With the aid of their many friends, two adjoining houses were completely renovated at 218 and 220 West Forty-Sixth Street. As The New York Times (July 6, 1913) reported, “many prominent persons are interested in it, because of the great need for such an association, and every effort will be made to establish this worthy cause on a firm basis.” A lunchroom and offices occupied the first floor, with a library, music room and lounge on the second floor where tea was served from 4 to 7 p.m. Overnight accommodation was provided for 20 women on the third and fourth floors. “While on the road,” Mary Chapman wrote in 1922, “we are constantly in touch with our Club members, forwarding their mail to all parts of the country and when they return to town they at once report to us for a room.” That year 130 girls found accommodation at the club.
In the days when actresses were expected to supply their own costumes, the Club’s society patrons donated items for the “Dramatic Wardrobe,” a secondhand department where members could borrow or inexpensively purchase suitable clothing for an auditon or stage role. Likewise the cafteria provided inexpensive meals, 6 days a week, served by members of the board and their friends, “bringing us all in closer touch,” wrote trustee Edith B. Riker, Chairman of the Cafeteria Committee in 1922. Long before Social Security, unemployment insurance or other safey nets existed, a Relief Committee assisted members of the Club unable to find engagements, with “gifts, loans or advice” and “it is understood that this Committee will gladly give free hospital care to any one who requires it, and the members of the Club who have received various kinds of assistance have shown deep appreciation,” wrote Alice Smith, Chairman of the Relief Committee.
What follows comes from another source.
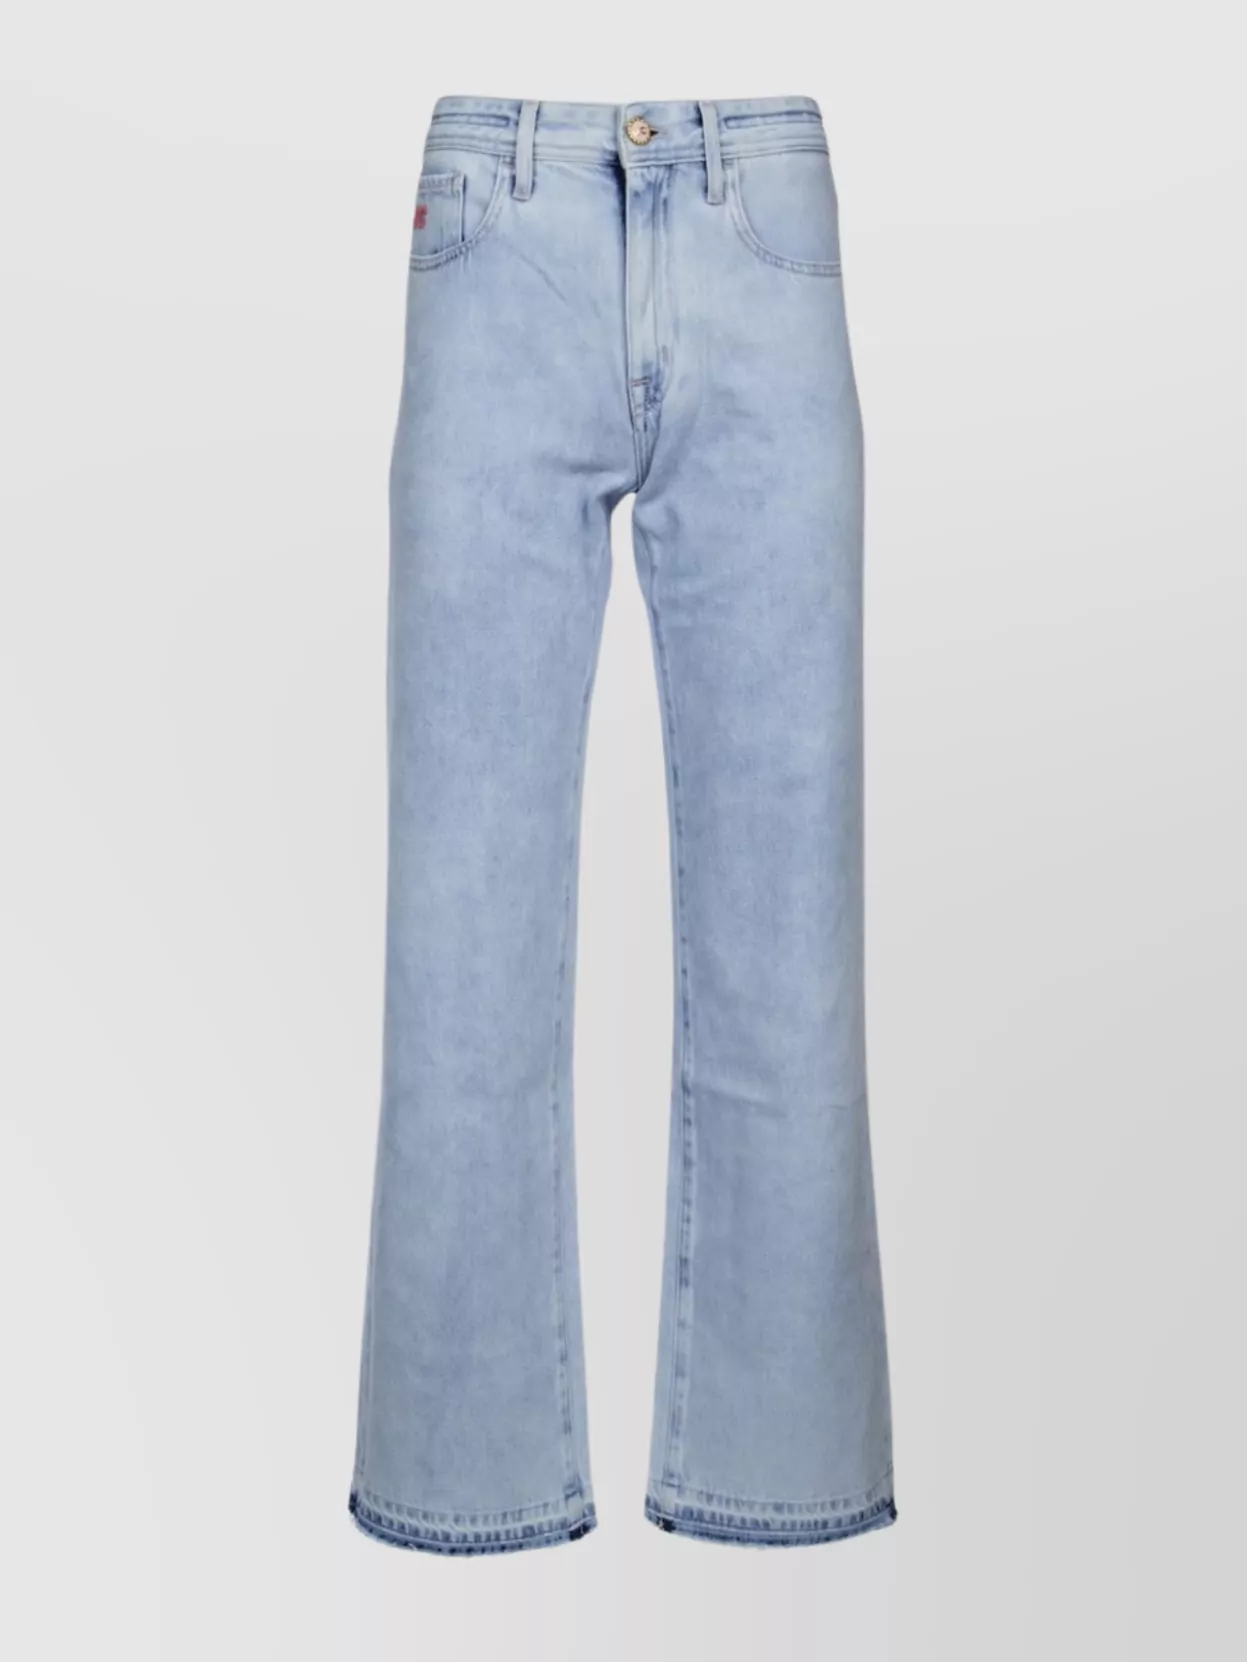 Jacob Cohen Denim Trousers With Belt Loops And Contrast Stitching In Blue

Through their work at The Rehearsal Club, Mrs. Robinson and Miss Hall learned of the need for a school for children working on the New York stage and within a year the Professional Children’s School was established in borrowed rooms at The Rehearsal Club. — John Tucker

First Commencement
On June 8, 1916, two years after its founding, Professional Children’s School graduated its first senior class. “The graduation exercise was one of the most important events of the school history,” recalled a member of the Class of 1917 who was present at that first commencement. “The graduates had their respective compositions which they recited. The remainder of the school sang, while the smaller class danced Greek dances. After graduation, we realized we had to part with four of our dearest classmates.”
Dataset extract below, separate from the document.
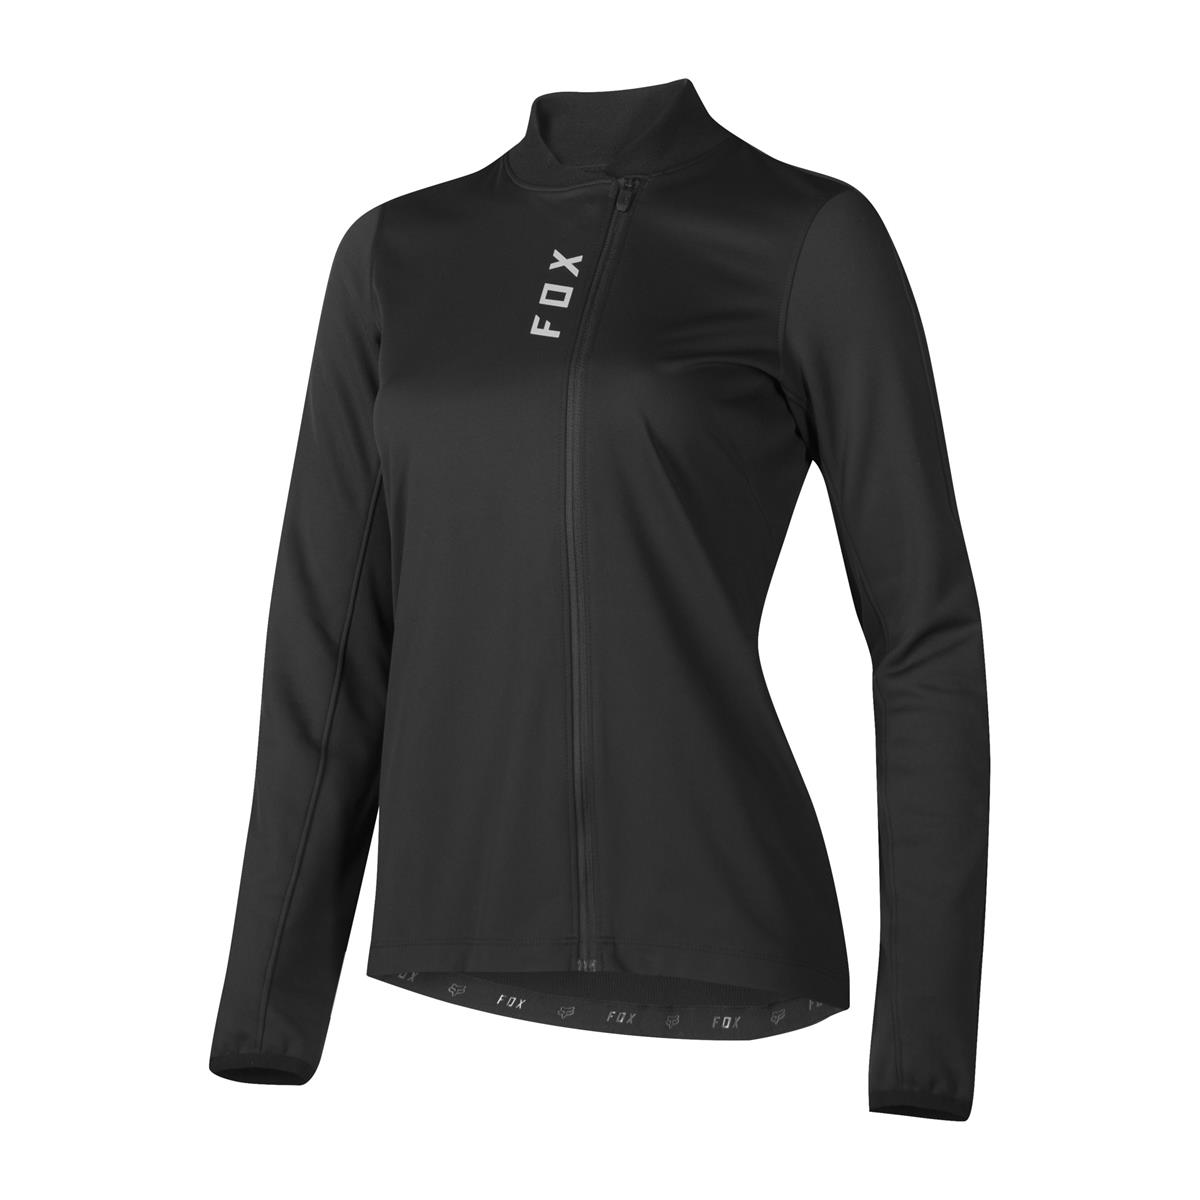 Fox Femme Maillot VTT Manches Courtes Attack Thermo Black

The ceremony was held with great fanfare at the Princess Theatre on West 39th Street. John Drew (left), one of the most distinguished actors of the day, was an honored guest and addressed the audience. Head of the notable acting family, Mr. Drew was uncle to John, Ethel and Lionel Barrymore.
Essayist John J. Chapman joined Drew on the platform and also spoke. Leading lady Elsie Ferguson presented the diplomas to the four graduates (three girls and one boy). An invocation was read by the Episcopal Bishop of New York, David H. Greer (left in top photo). Bishop Greer was the father of PCS co-founder Jean Greer Robinson and a member of the school’s first Board of Trustees.
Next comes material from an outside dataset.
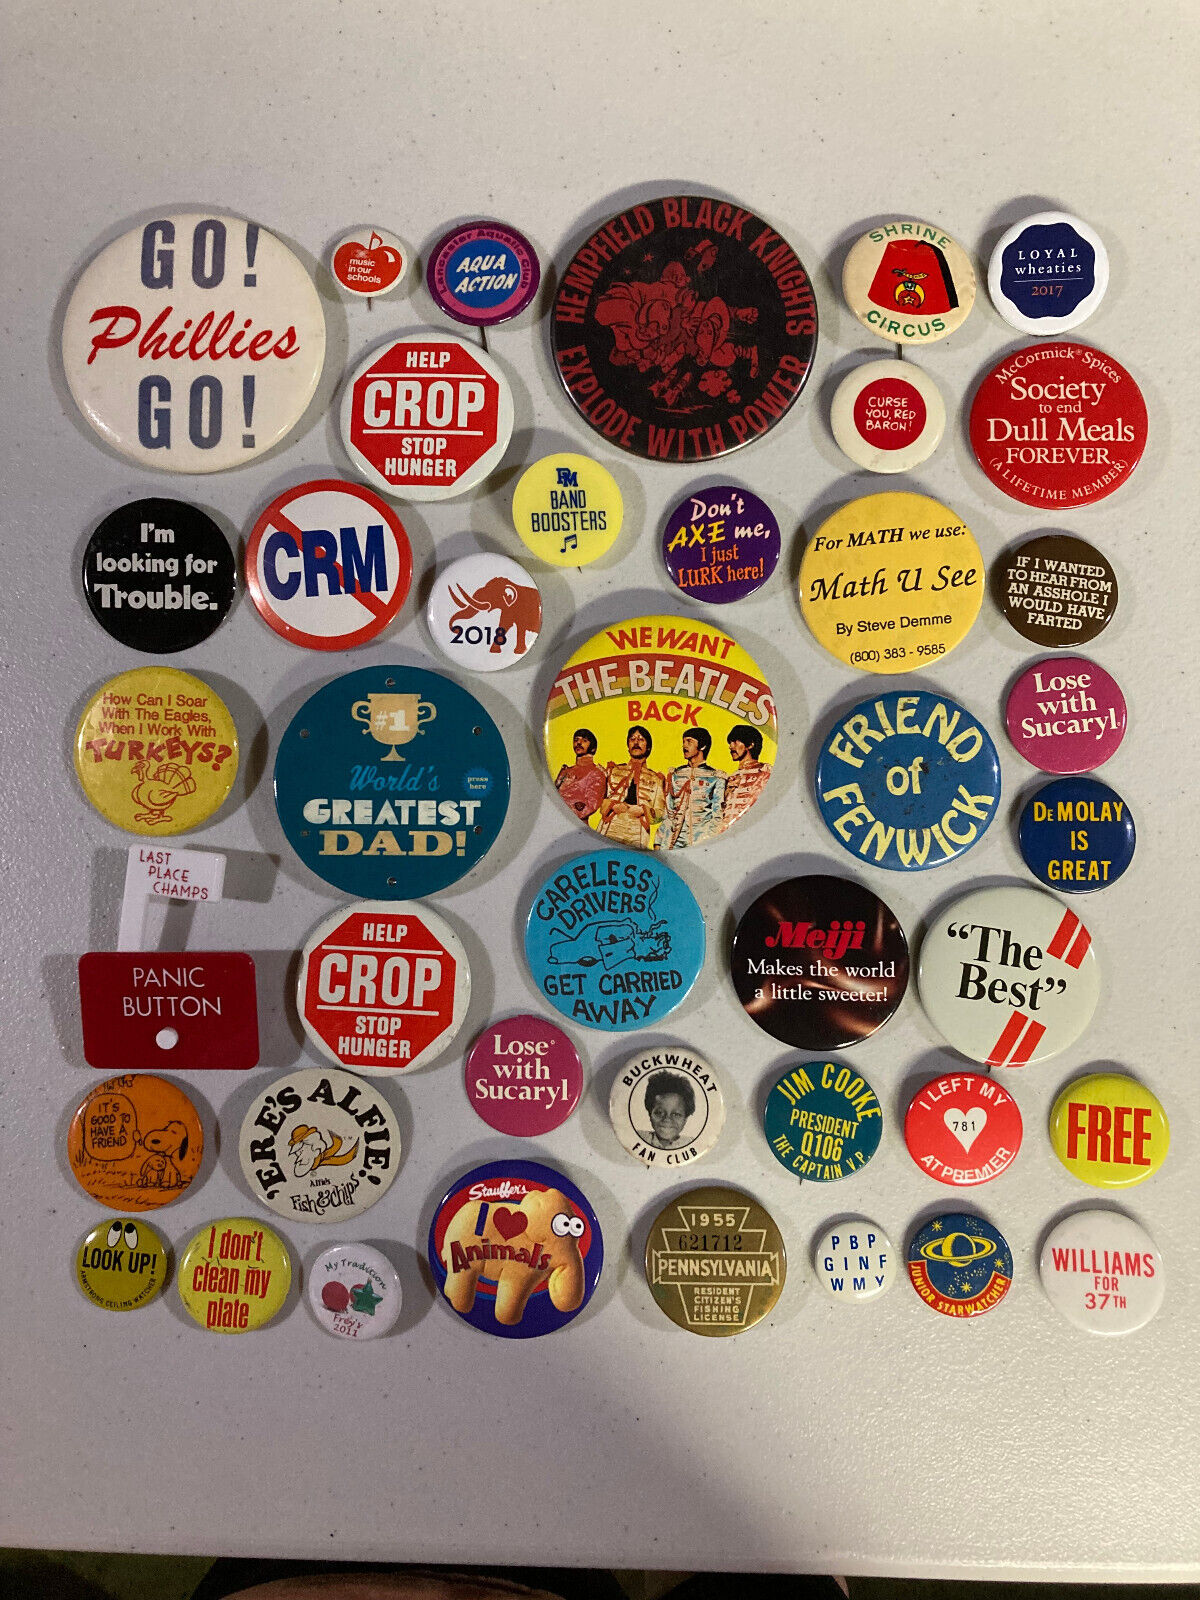 Lot of 42 Vintage/Retro Novelty Button Pins (some are very old ... see photos)

Several newspapers covered the event which, in spite of the rain, drew a crowd of theater notables, filling the Princess Theater. As reported in one newspaper, Georgie Price, one of the graduates, read a composition entitled, “The Child on the Stage” in which he wrote “of his visiting the Rockies, the Grand Canyon and California in his vaudeville tours, and [he] said this was a better way to learn geography than in school.”